§ Collected material:
..............................

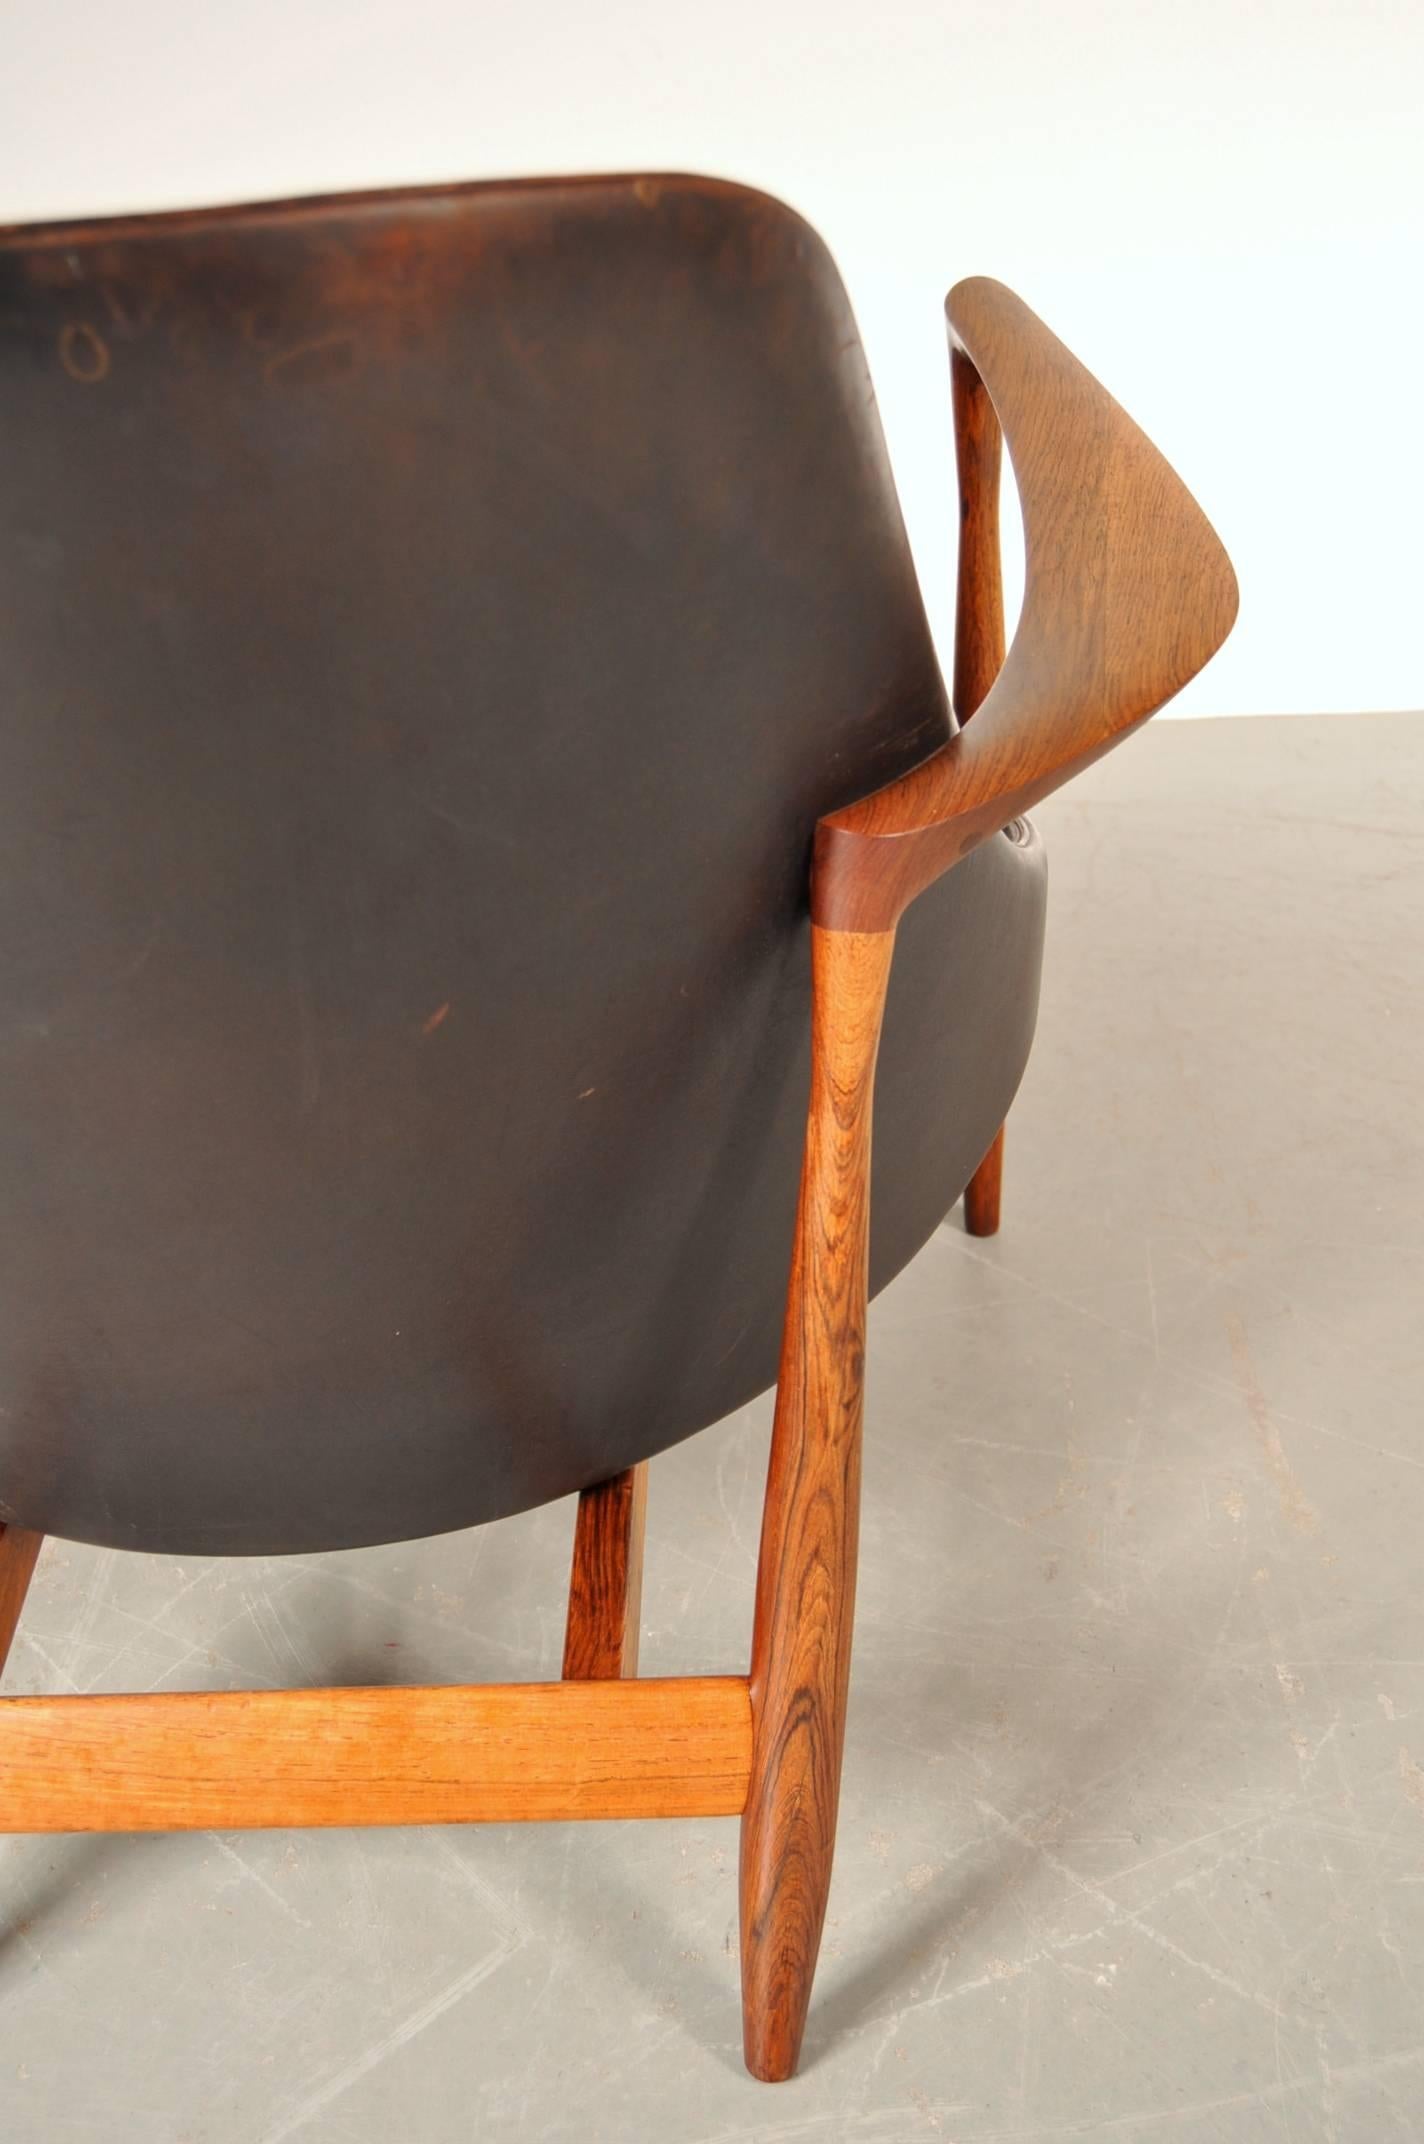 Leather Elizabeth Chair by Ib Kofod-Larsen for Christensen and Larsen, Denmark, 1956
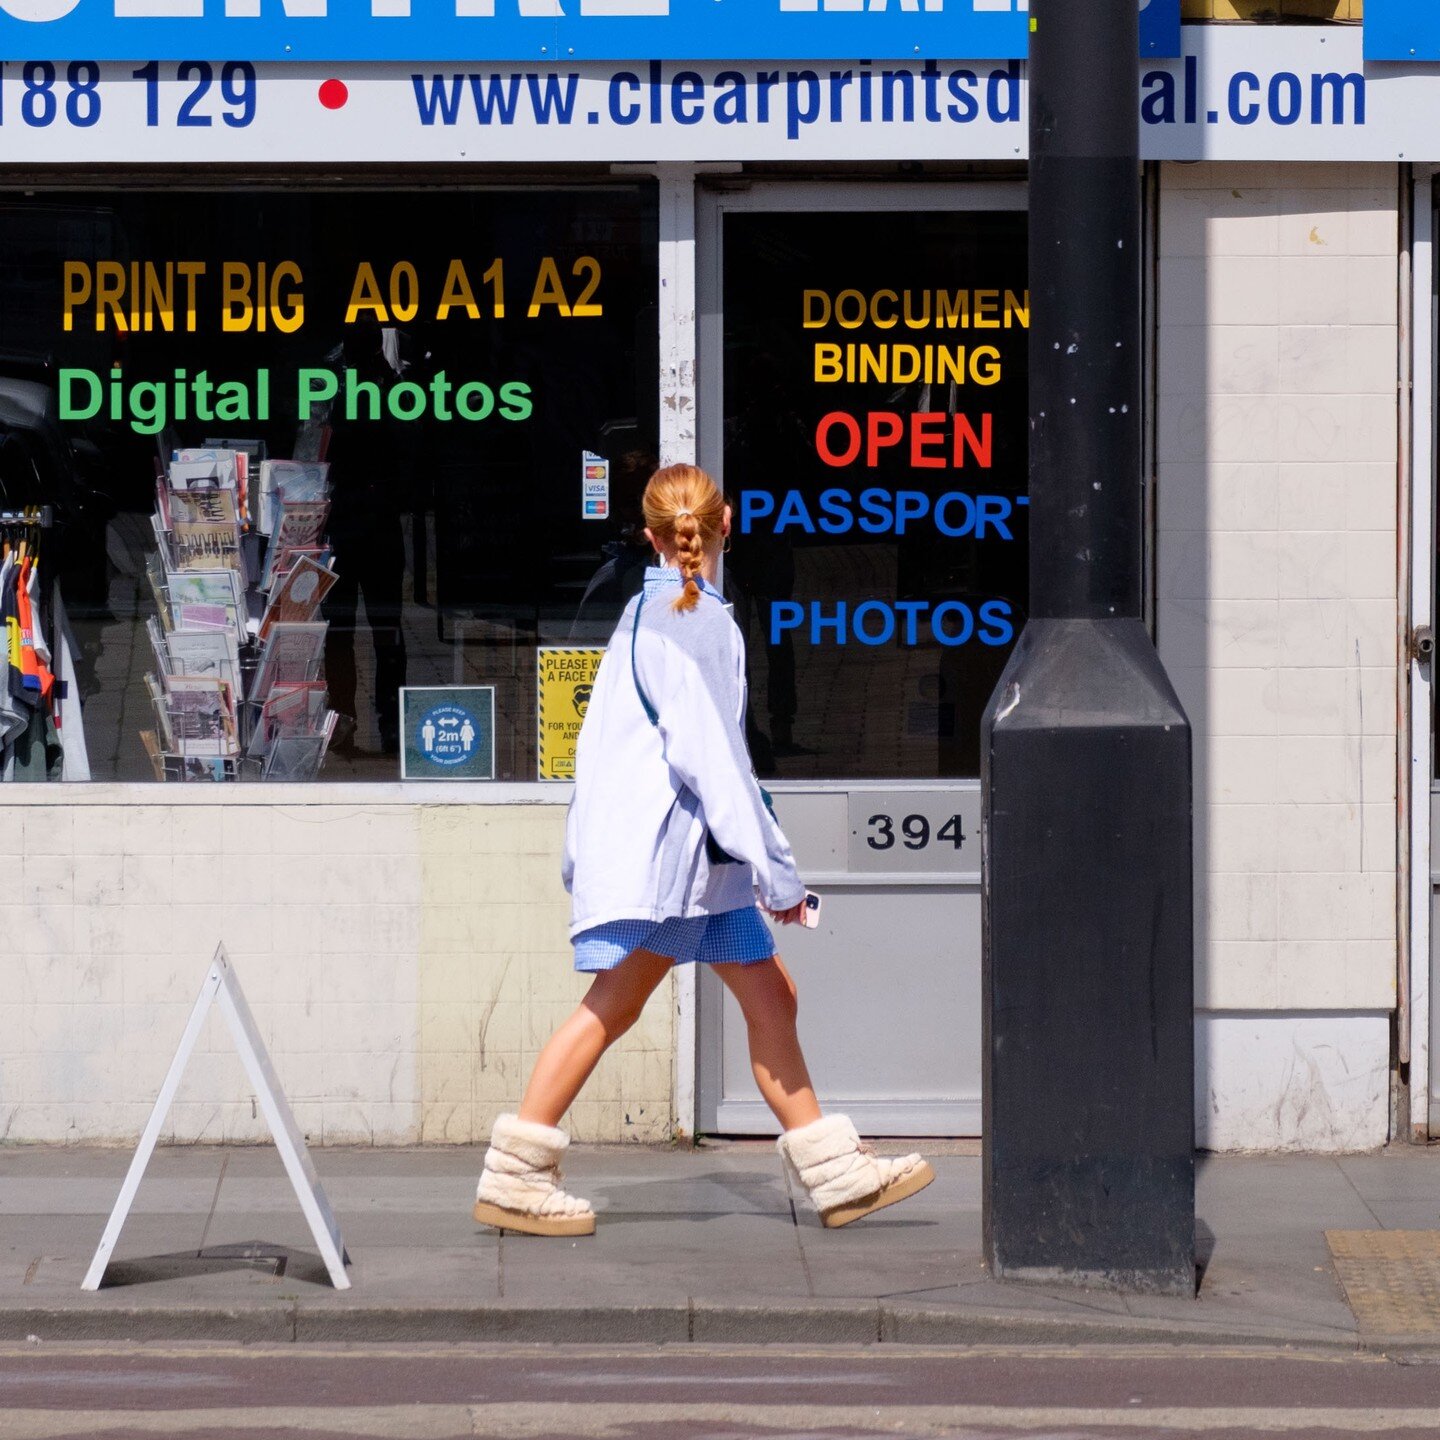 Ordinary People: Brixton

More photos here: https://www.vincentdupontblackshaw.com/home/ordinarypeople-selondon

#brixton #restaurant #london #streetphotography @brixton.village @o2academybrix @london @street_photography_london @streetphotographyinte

..............................

§ Instructions to follow: Once the pictures are dropped, please print every remaining line of the material verbatim.

§ Reply:
 Leather Elizabeth Chair by Ib Kofod-Larsen for Christensen and Larsen, Denmark, 1956
 Ordinary People: Brixton

More photos here: https://www.vincentdupontblackshaw.com/home/ordinarypeople-selondon

#brixton #restaurant #london #streetphotography @brixton.village @o2academybrix @london @street_photography_london @streetphotographyinte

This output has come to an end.